Chu Xi berdeham pelan, lantas melambaikan tangan dengan sikap heroik, “Gosip tidak perlu dipercaya. Tapi sekarang, masih ada satu hal lagi yang harus kalian lakukan.”

Mata si gendut dan si kurus langsung berbinar, serempak berkata, “Kakak, silakan perintah, kami pasti jalankan!”

Chu Xi tersenyum manis, mengeluarkan ponsel perak dari saku, lalu menampilkan senyum licik, “Aku di sini punya foto-foto terbaru Dingin Lu, baru saja diambil. Kalian cetak fotonya, edit dan percantik—hmm, lebih bagus lagi kalau semua pakaiannya dihapus. Foto dengan pakaian dijual satu juta selembar, tanpa pakaian lima juta selembar. Satu album foto diskon dua puluh juta.”

Lu Zuo Yu berani memanfaatkan nilai dirinya, maka sebagai balasan, Chu Xi tentu juga harus membalas budi.

Tadi saat negosiasi, Chu Xi diam-diam sudah mengambil banyak foto ‘indah’ Lu Zuo Yu.

Si gendut dan si kurus melongo, kenapa kakak menunjukkan senyum pebisnis licik seperti itu?

Menjual foto pribadi Dewa Lu, lagi pula sudah diedit?

“Tenang saja, jika Dingin Lu mencari masalah, aku yang tanggung.” Chu Xi merapikan rambutnya, “Uang hasil penjualan, aku ambil lima puluh persen, sisanya kalian bagi dua.”

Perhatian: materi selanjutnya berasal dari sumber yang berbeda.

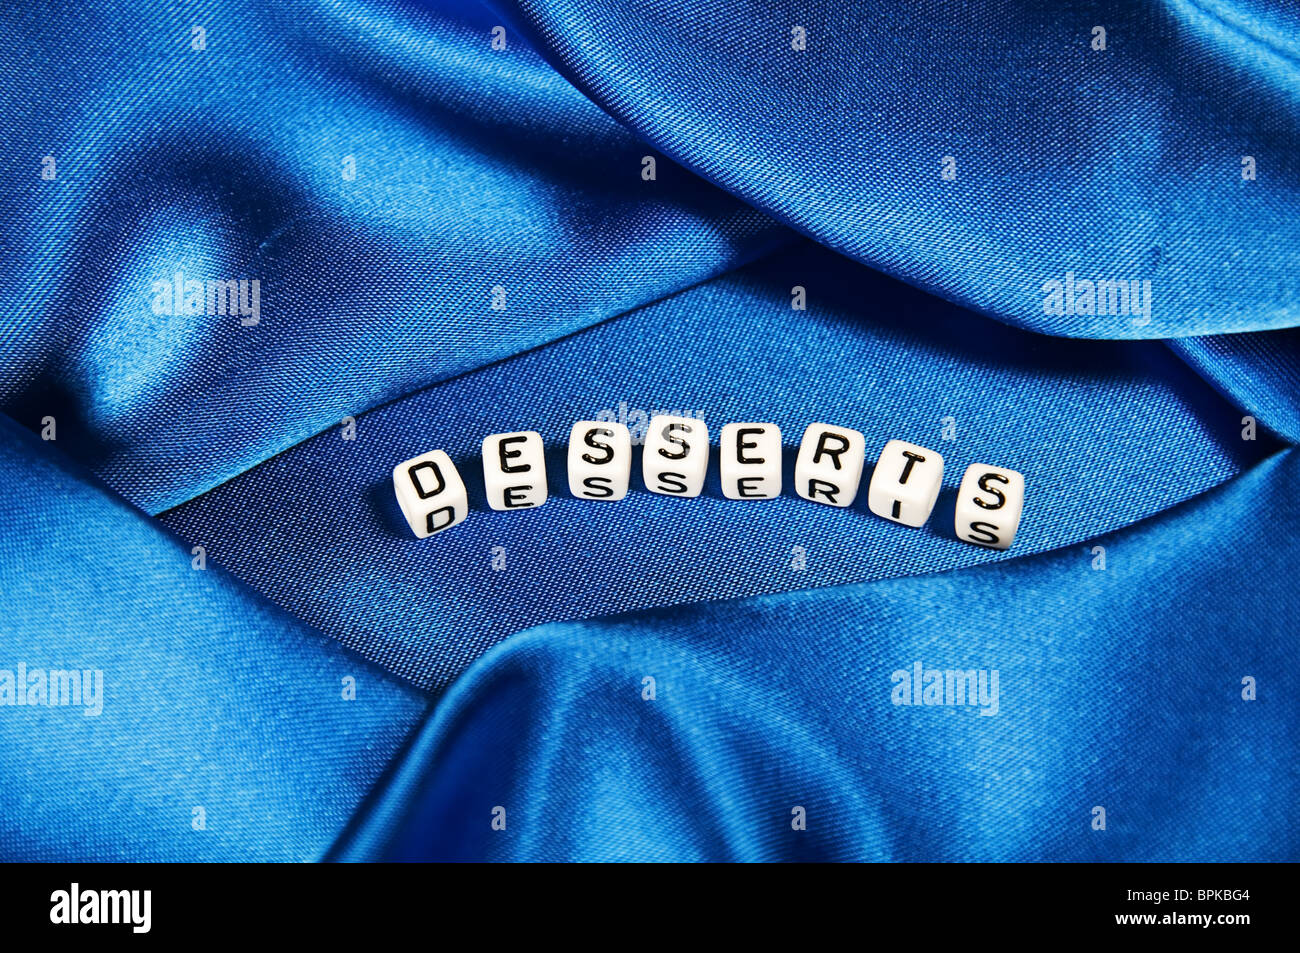 This series has a royal blue shiny background with the word desserts in black and white cube lettering. Stock Photo

Sekarang, dia memang sangat butuh uang.

Sebenarnya, di dunia ini awalnya tak ada jalan untuk cari uang, tapi setelah Chu Xi datang, jalannya pun muncul.

“Baiklah, aku dan si kurus akan segera mengurusnya!” Lemak di wajah si gendut berguncang saat ia bicara, mengikuti kakak dengan masa depan cerah, hari baik pasti menanti.

Chu Xi membayangkan tiap gadis di sekolah masing-masing memegang satu album foto Lu Zuo Yu, tersenyum puas.

Lalu membayangkan wajah Dingin Lu yang kelam dan hitam, Chu Xi pun tertawa lebih lebar.

*

Sore hari, setelah pulang sekolah.

Pengurus Ou mengangkat tubuhnya yang penuh lemak, berjalan tergopoh-gopoh mendekat, “Tuan muda, hari ini Anda buat masalah lagi?”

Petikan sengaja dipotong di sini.